- Information supplied:
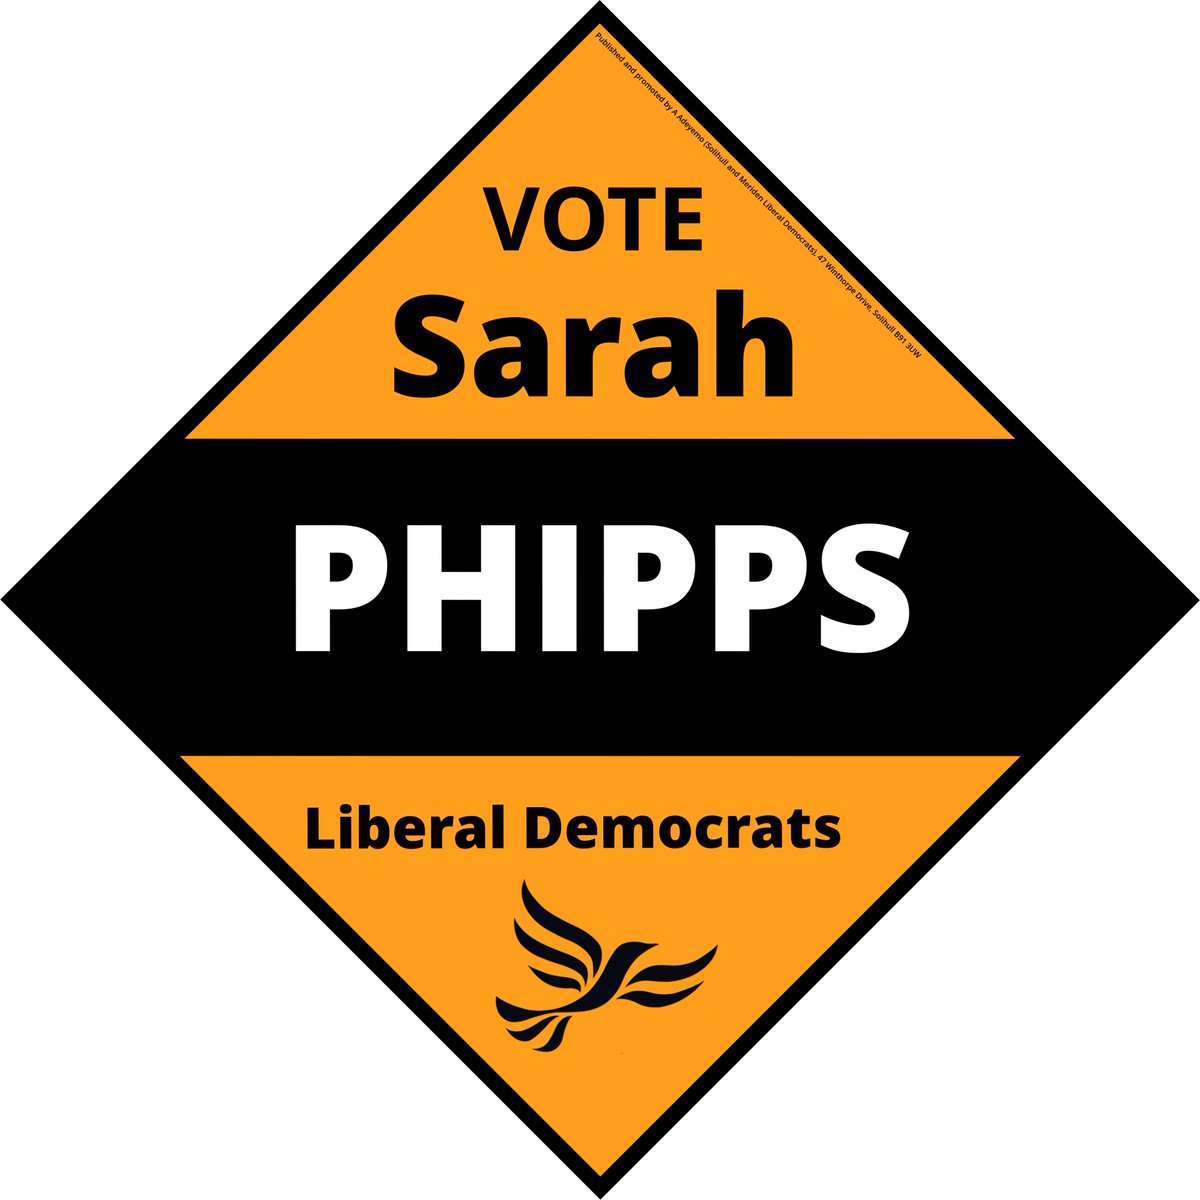 Sarah Phipps: Liberal Democrat Candidate for Olton ward, Solihull 🗳️🔶
#Olton #Solihull #LibDems #SarahForOlton
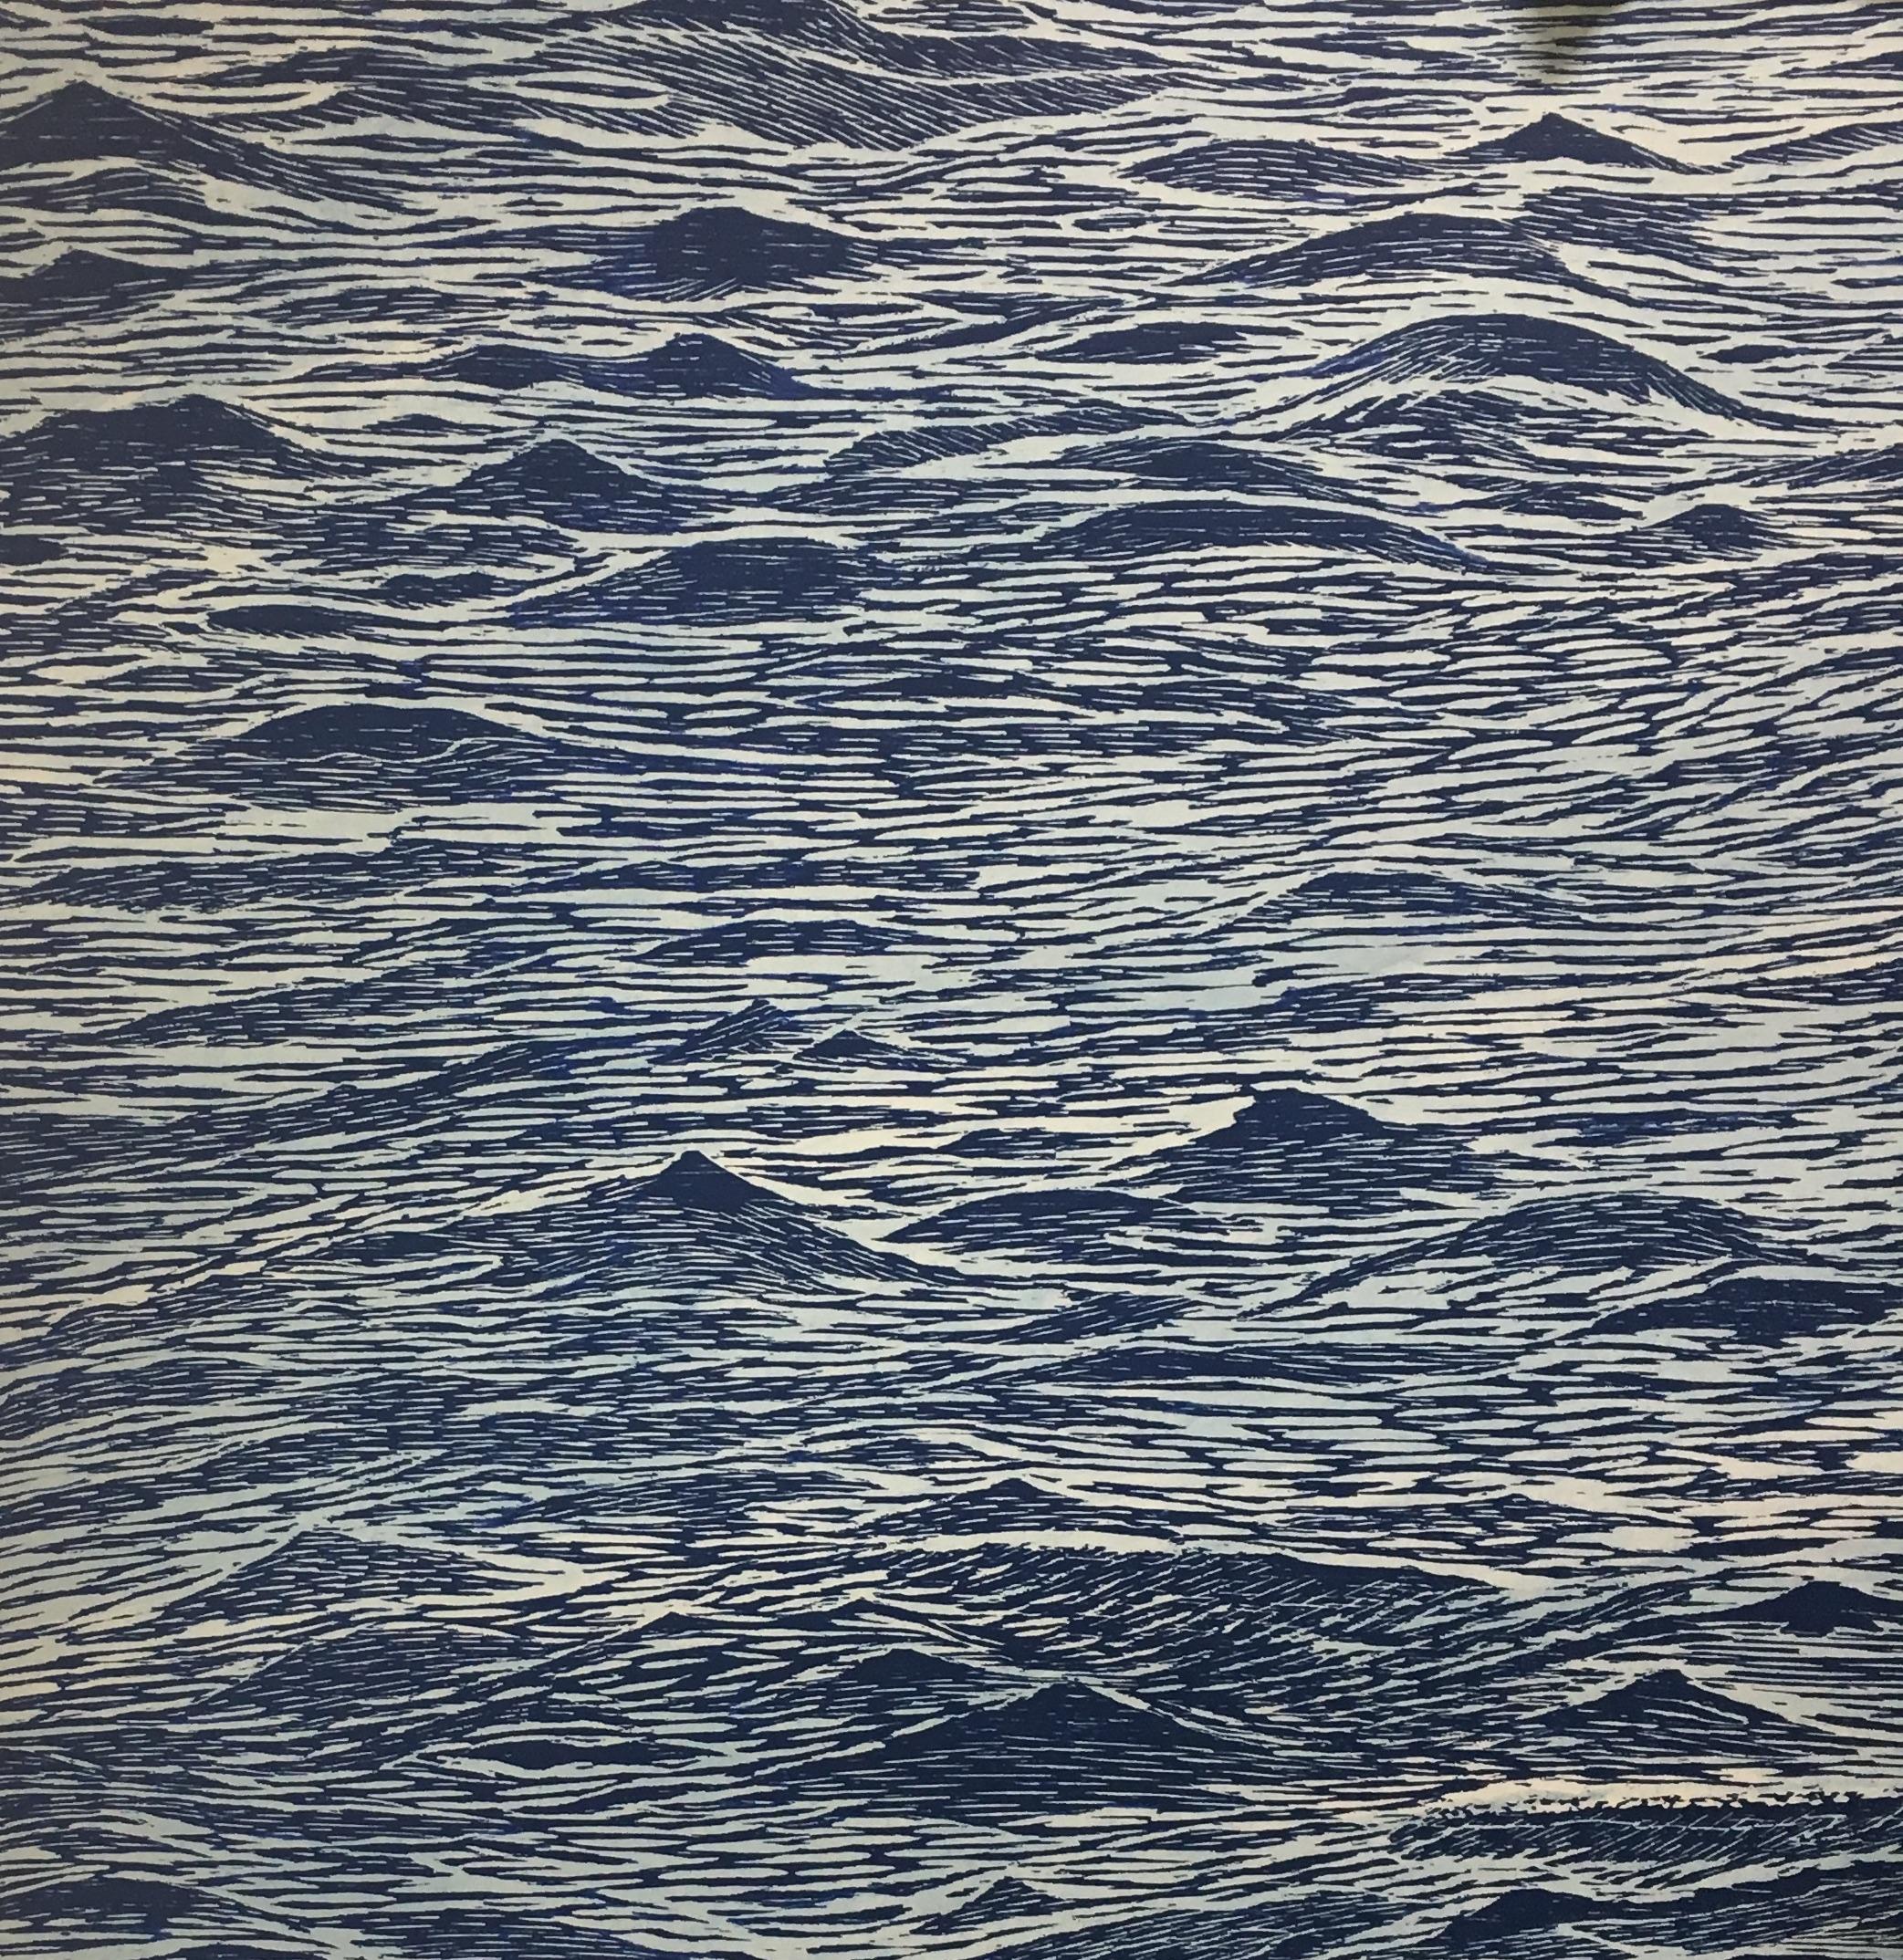 Seascape 24, Woodcut Print of Ocean Waves in Light Blue and Dark Cobalt, Navy 5

- Exercise brief: Without including any picture, copy the listing above exactly and in full.

- Solution for this task:
 Sarah Phipps: Liberal Democrat Candidate for Olton ward, Solihull 🗳️🔶
#Olton #Solihull #LibDems #SarahForOlton
 Seascape 24, Woodcut Print of Ocean Waves in Light Blue and Dark Cobalt, Navy 5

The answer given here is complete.